Erik stood, aghast. “To free yourself you have to destroy mankind?”
“Yes, is it not cruel? No one can hurt you like those you love. All I have now are my memories and my dreams because there is beauty in them, too.”
For a moment Erik was silent, watching tears run down Matangi’s blue cheeks. At last, he said, “You told me you would tell me how I can leave this place.”
“The greater the intellect, the more one is alone.” Matangi’s mutter was doubtless meant for herself, but in the hush, Erik heard her quite clearly. The whistle of the wind through hundreds of bare branches was the only other sound.
It was at her that Erik stared, not the redwoods. An imprison god. The Dark One. He could not still fully except it. Growing up, he had been taught her stories, he remembered that now. She had other titles besides the ones she had named earlier. The Great Seducer. The Mother of Lies. Strangely, he still believed every word she had said.
“Answer me. Please!” Erik begged, ashamed at how weak his own voice sounded to his ears.
“You will only have one more opportunity to escape. Kill the one you love the most and free yourself. Refuse, and you will remain here for all eternity, repeating the—”
Abruptly, the chains on Matangi wrists snapped taut, and she slammed onto her back. The ground quaked beneath Erik’s boots, and he stumbled backward until he found his balance.
“GO!” she yelled. “My daily torments begin anew.”
At the sound of a metallic buzzing, Erik glanced up and what he saw almost caused his heart to stop. Three humanoid creatures, half the size of Matangi, circled in the sky, dressed in seamless white armor and helmets shaped like an eagle’s face.
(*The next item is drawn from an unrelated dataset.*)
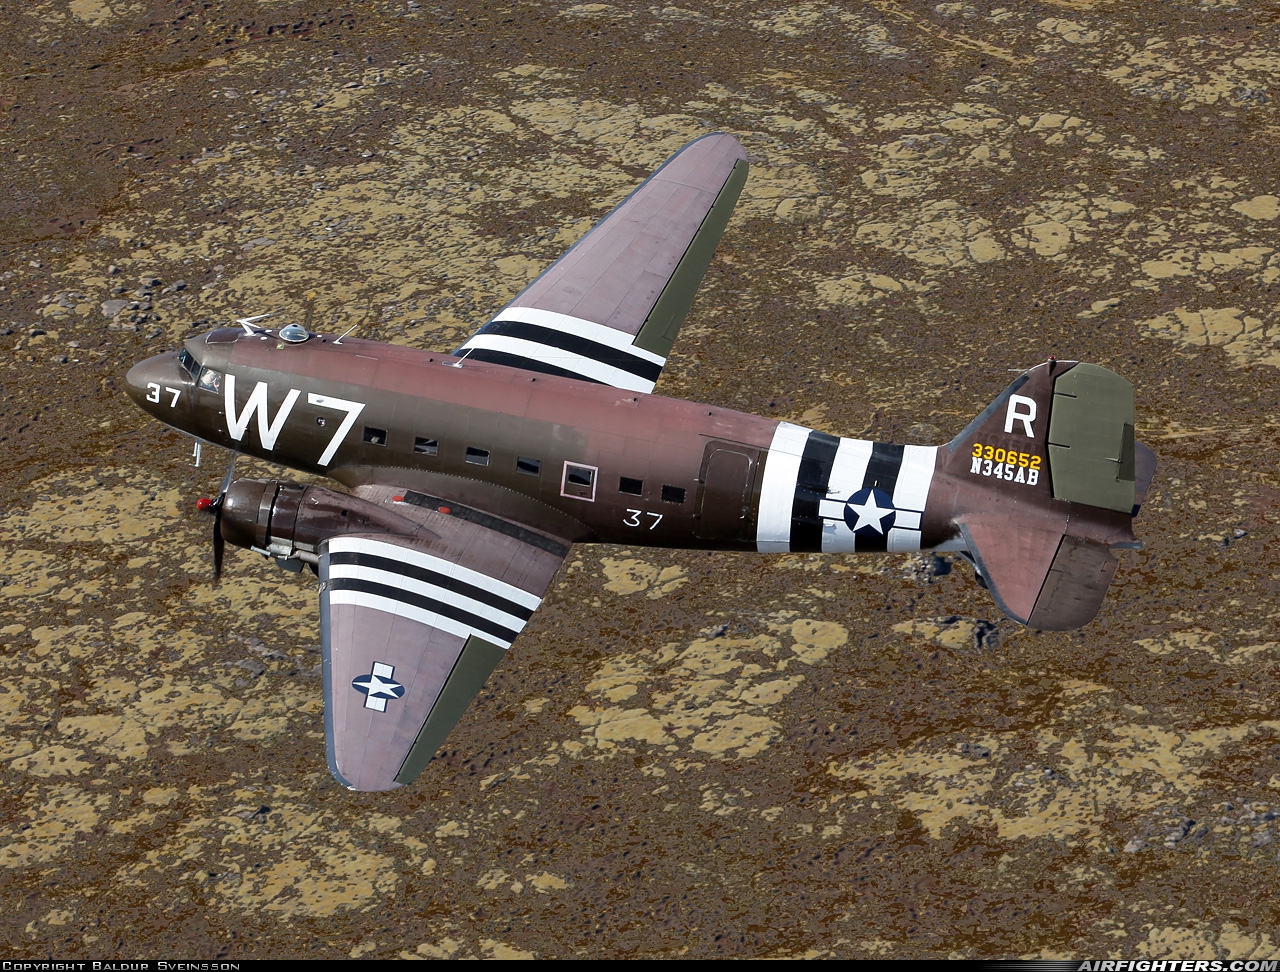 Private Douglas C-47A Skytrain N345AB at In Flight, Iceland
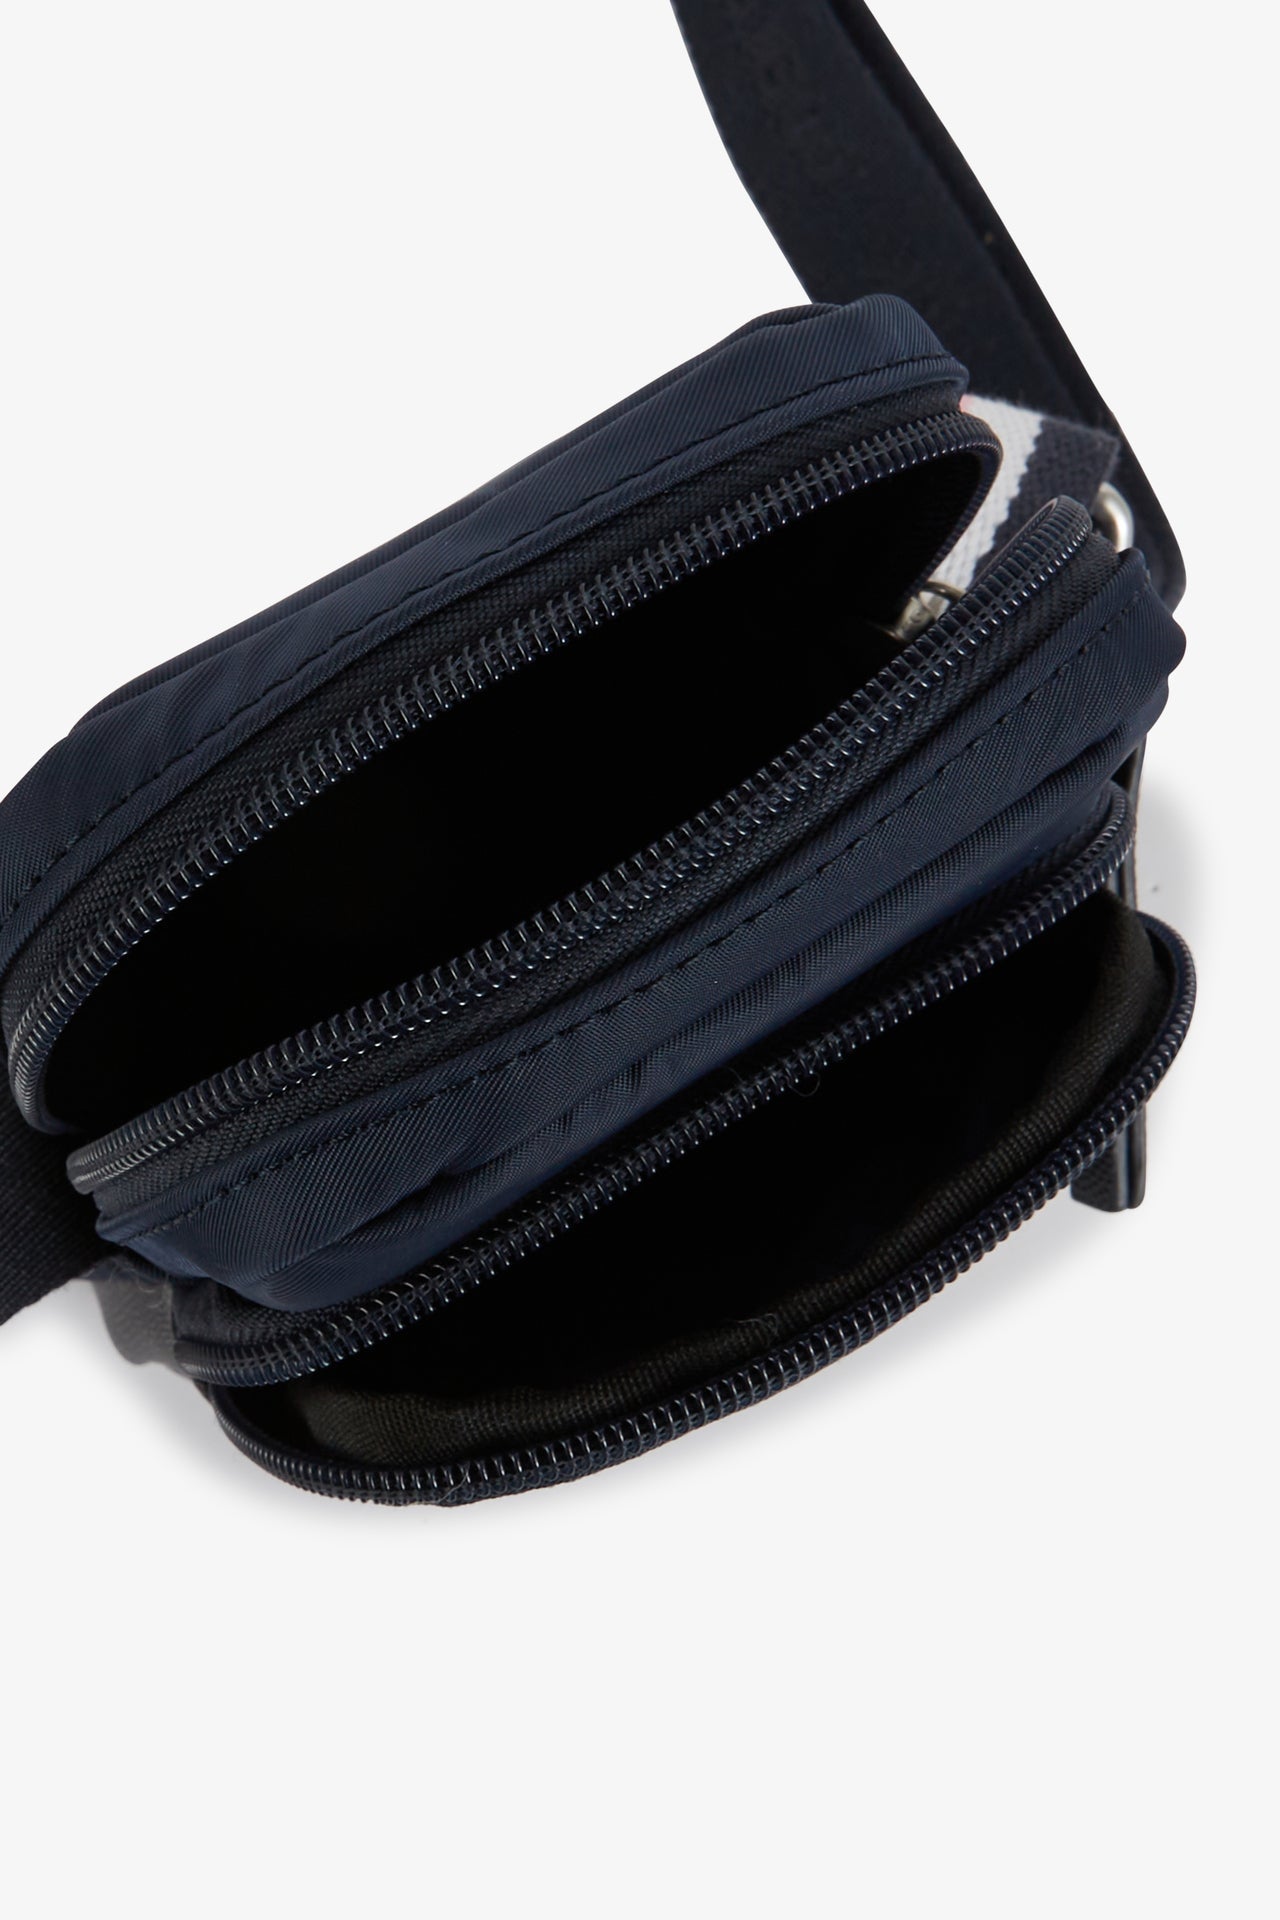 Navy blue satchel with grained leather effect - Image 5

The golden wings on their backs fluttered with such speed that they were indistinguishable from a blur. Each one was armed with a spear made of pure light, and though glimpsed for only an instant, the weapons nearly blinded him.
Erik spun around with his eyes watering from the searing pain. He ran, staggering forward more than anything. His nostrils filled with the smell of ozone and the sky hissed.
“It is only for the love of my children I weather these daily torments.” The Dark One’s voice rose above everything else. “How much longer will I last I wonder?”
Something struck the earth behind Erik, and the ground heaved. A rent appeared in the clearing ahead of him, molten rock gushing from the crack. Beyond that, large plots of earth thrust upward like launched stones, uprooting trees. He dropped to his knees, covered in fiery magma. His body thrashed and quivered. His flesh burned and his bones melted. He screamed!